Our business was born with the realization that 50 million gift baskets were going into landfills every year. Why should gift experiences generate waste that cannot be re-used or recycled? What does a wasteful gift wrapped in plastic say about your relationship with your friends, family and business associates?



From day one, we have been committed to locally sourced products and recyclable packaging. At the Saul Good Gift Co., we use 100% recycled and reclaimed paper packaging that is Ancient Forest Free certified.







How Do We Reduce Our Carbon Footprint?


As we maintain alignment with our core principles, we are also facing the reality of a growing business and a larger carbon footprint. Our work with Climate Smart has provided important guidance. This local Vancouver social enterprise helps businesses measure and reduce their carbon footprint while cutting costs.


We measure the intensity of our carbon footprint in pounds per $100K in revenue. In 2009, we measured 12.9 pounds. In 2010, we measured 5.6 pounds. Even though the total emissions increased from 2009 to 2010 so did the number of gift baskets we produced. We improved our carbon intensity so that the emissions per dollar decreased by more than 50%. Go team!







Where is our Largest Impact?


Shipping is a large impact for us.To address this we’ve selected carriers that are carbon neutral and that use hybrid vehicles. For downtown Vancouver gift basket deliveries we work with Shift Delivery, a hybrid electric tricycle delivery business.



Novex is one of our main couriers. They launched Canada’s 1st 100% electric delivery trucks earlier this year and are Vancouver’s most sustainable courier. For products shipped outside the Lower Mainland we use UPS, which uses alternative fuel vehicles and have recently launched an offset program for emissions generated by shipping



Paper use is currently our largest contributor of greenhouse gases. Our gift baskets are made with cardboard. In 2009 we changed the production of all our packaging to use 100% post consumer recycled paper. Although we are proud of our practices, there is a small amount of packaging materials that are not 100% recycled. We will continue to search for suppliers with 100% recycled options.




How Can We Improve?


In order for us to reduce the intensity of our impact we need to address our packaging in a deeper way. Moving to 100% recycled cardboard was a great first step, but we do not consider this an arrival point. We are continually looking for opportunities to improve.



The next step for us is addressing paper intensity, finding ways to use less paper fibre, by weight, per gift box produced.



We are excited about opportunities to reduce our use of paper fibre through innovative design. If we can find ways to redesign the construction of out gift boxes, so they use less materials, we’ll have a solution to reduce our paper intensity.

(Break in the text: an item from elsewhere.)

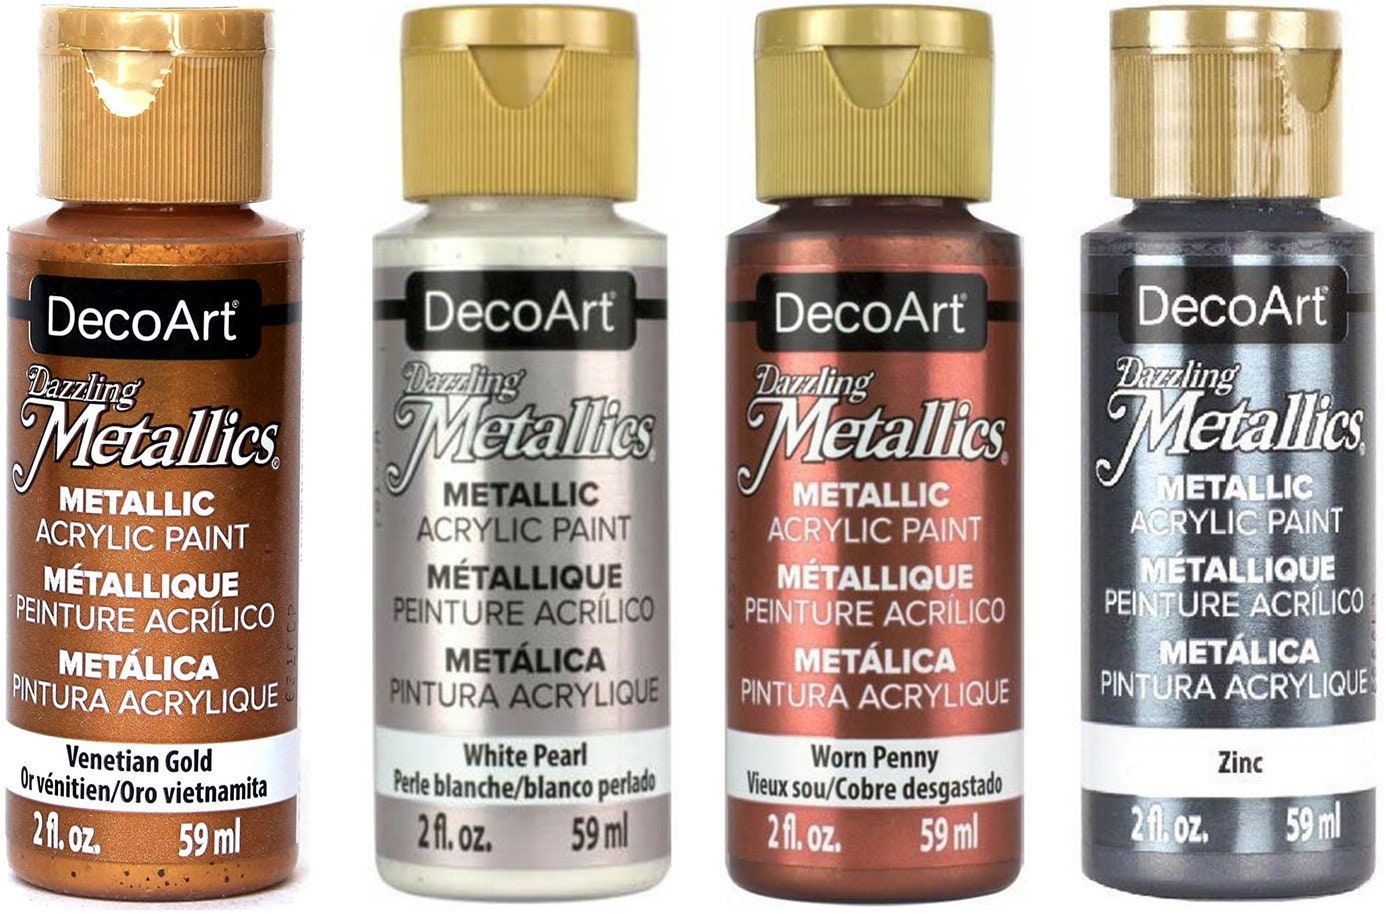 Decoart Dazzling Metallics 2 oz. Shimmering Silver Acrylic Paint

As Saul Good grows to cities across Canada and down the West Coast, we will continue to work with local suppliers to keep our gifts close to home. Over this past year we’ve established an Ontario based business with all products sourced local to Toronto.




5 Tips For Successful Corporate Gift Baskets

05 Oct

Connectivity and relationships build the foundation of thriving corporate cultures. In order to maintain strong relationships, it is essential to give the right gifts to the right people. Thoughtfulness is always more important than cost. If gift-giving is executed poorly, it can cause more harm than good.

Over the last 5 years I’ve learned a lot about corporate gift baskets. The following tips are helpful insights that will allow you to express your appreciation to all of your wonderful employees, clients and networks.

1. Be memorable! A great gift is like a great conversation. Think about what you want to say. Do you want to say thank you? Do you want to let the recipient know a bit about your business? If you want to stand out as memorable, it is important to communicate what you remember about the gift recipient. When your gift references a previous conversation, it indicates that you are actively listening and engaged in the relationship you are building.

2. Be consistent. If you are creative and innovative, it is ideal to give a gift that is creative and innovative. Nothing says stagnant thinking like a big basket wrapped in cellophane and a giant ribbon. An over-packaged gift experience is like an insincere conversation that is cluttered with empty compliments. Why would you give someone large amounts of shiny plastic that can’t be recycled? Ever wonder what happens to those little jams and shelf stable cheese? So do we.

3. Be Sustainable. Sustainable gifts show thoughtfulness for the gift recipient and the planet.

4. Be subtle with your branding. You want to stay top of mind with the gift you’re giving, not make someone feel like a walking advertisement. It’s tempting to want to put your logo all over everything that you’re sending out. However, big noisy logos are like conversations where one person is talking about themselves the entire time. Most listeners will tune out. Be mindful about how you want people to interact and use your gift for years to come. A useful gift with a subtle touch of your logo creates an ongoing friendly reminder of your business throughout the year.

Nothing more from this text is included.